## RECORDED DATA
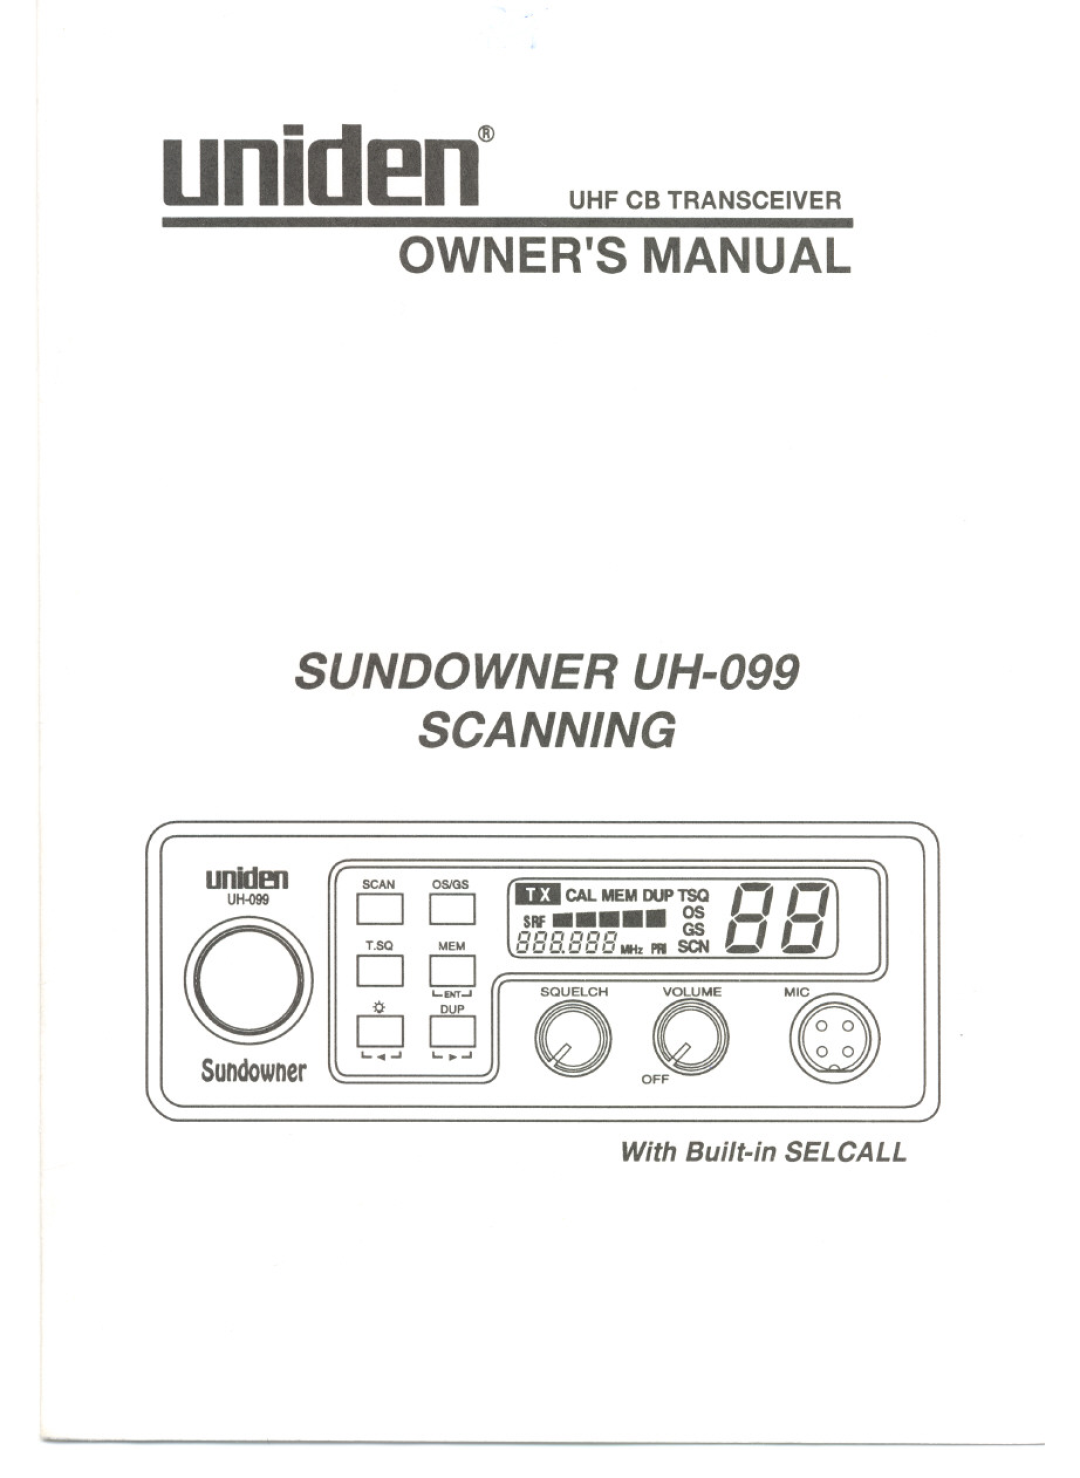 Uniden UH-099 owner manual SUNDOWNER UH-O99 SCANNING, aDD, SCN, unldm, unidE!n$UHF CB TRANSCEIVER, S un downer, rj,, GS 
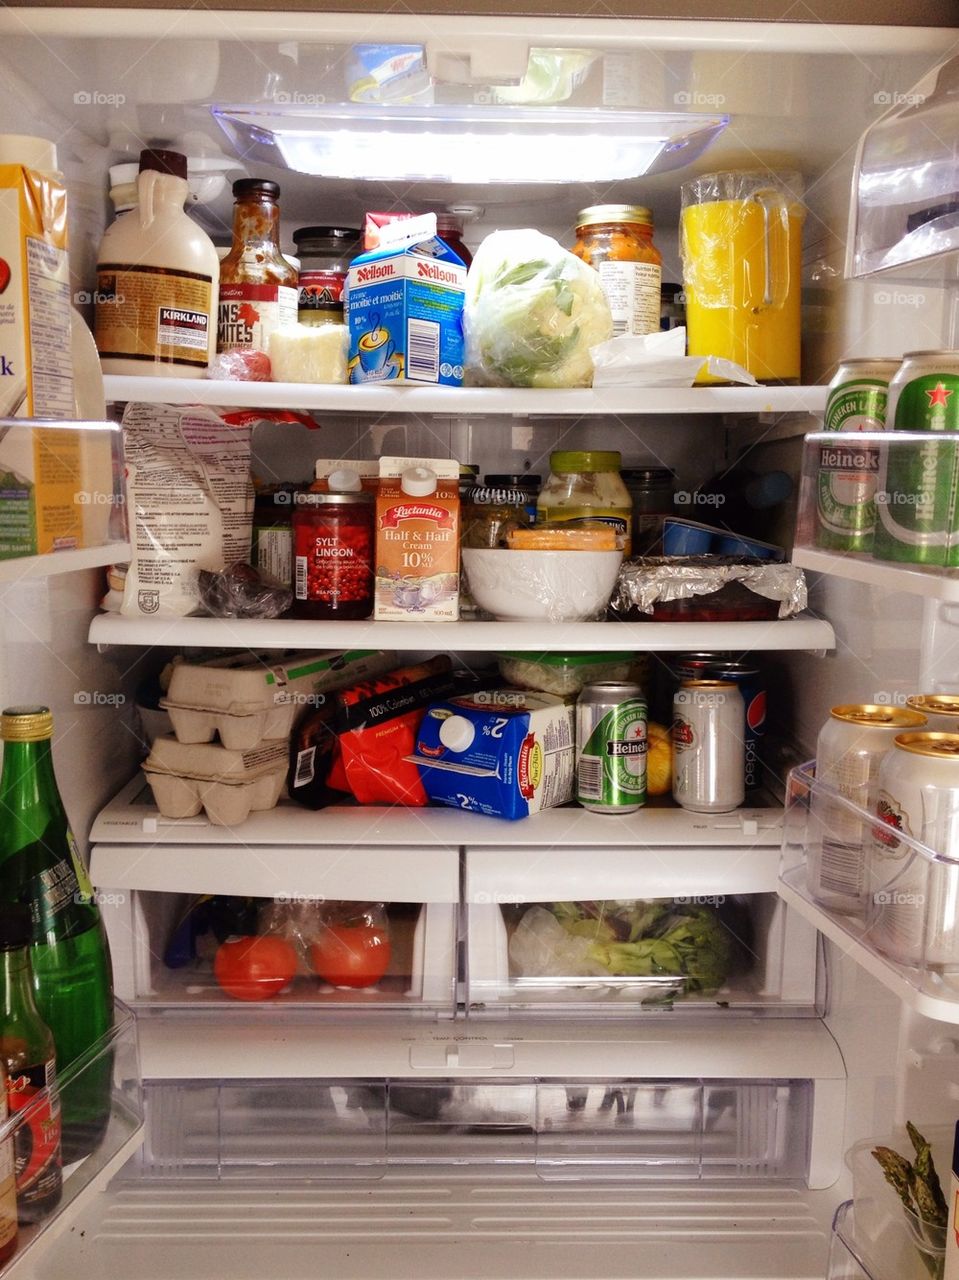 Inside the fridge
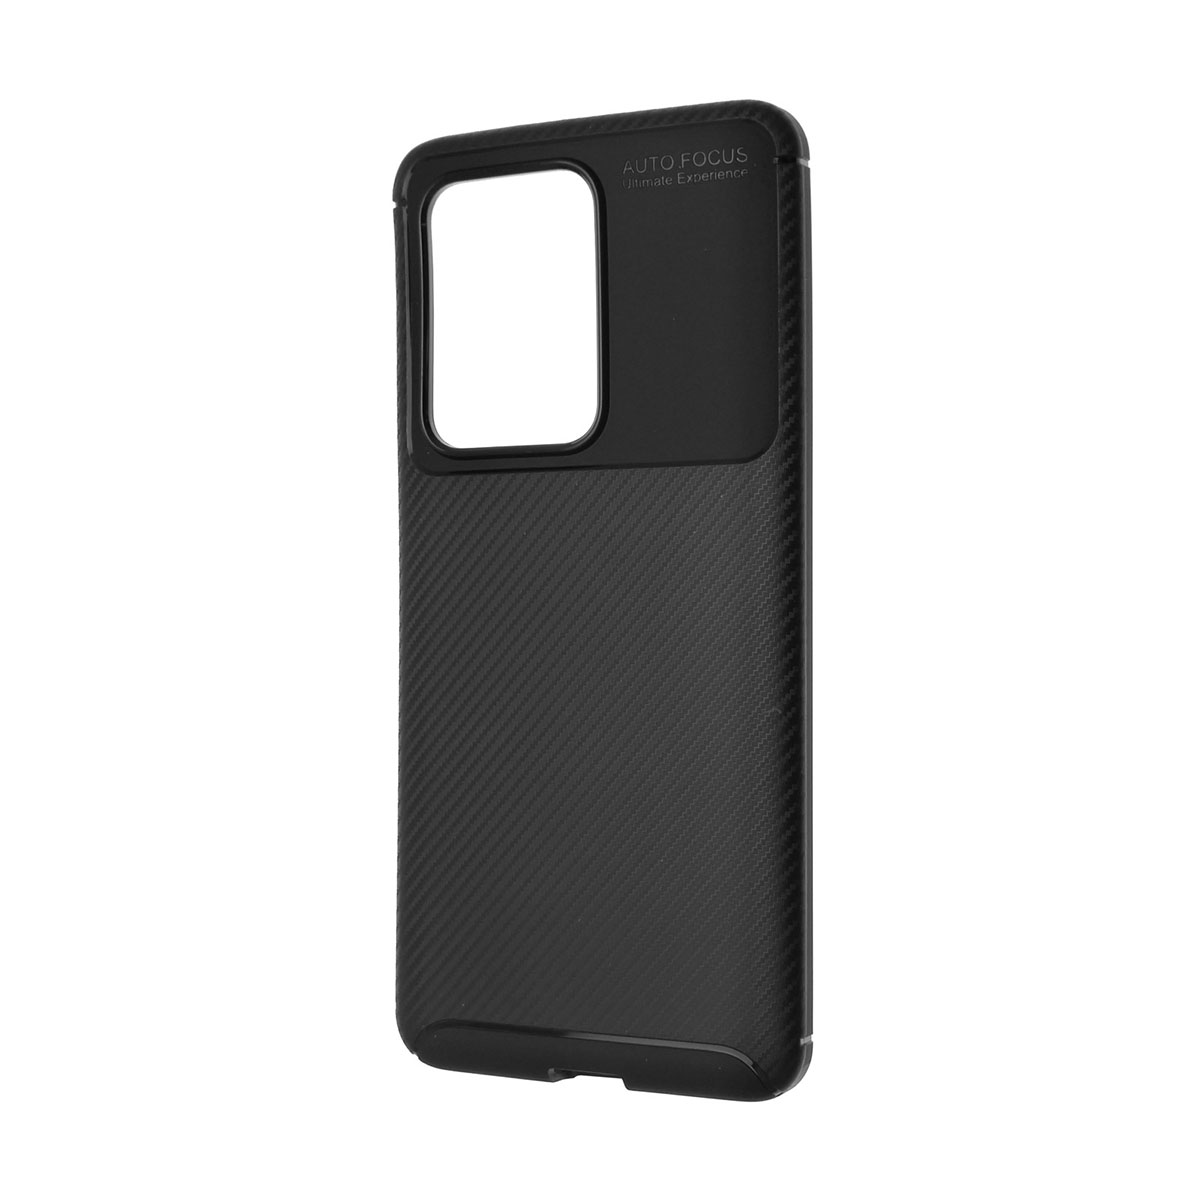 Чехол накладка AUTO FOCUS UE для SAMSUNG Galaxy S20 Ultra (SM-G988), силикон, матовый, цвет черный.

## YOUR ASSIGNMENT
Please output the listing above in full, exactly as given, without its images.

## OUTPUT OF THE TASK
 Uniden UH-099 owner manual SUNDOWNER UH-O99 SCANNING, aDD, SCN, unldm, unidE!n$UHF CB TRANSCEIVER, S un downer, rj,, GS 
 Inside the fridge
 Чехол накладка AUTO FOCUS UE для SAMSUNG Galaxy S20 Ultra (SM-G988), силикон, матовый, цвет черный.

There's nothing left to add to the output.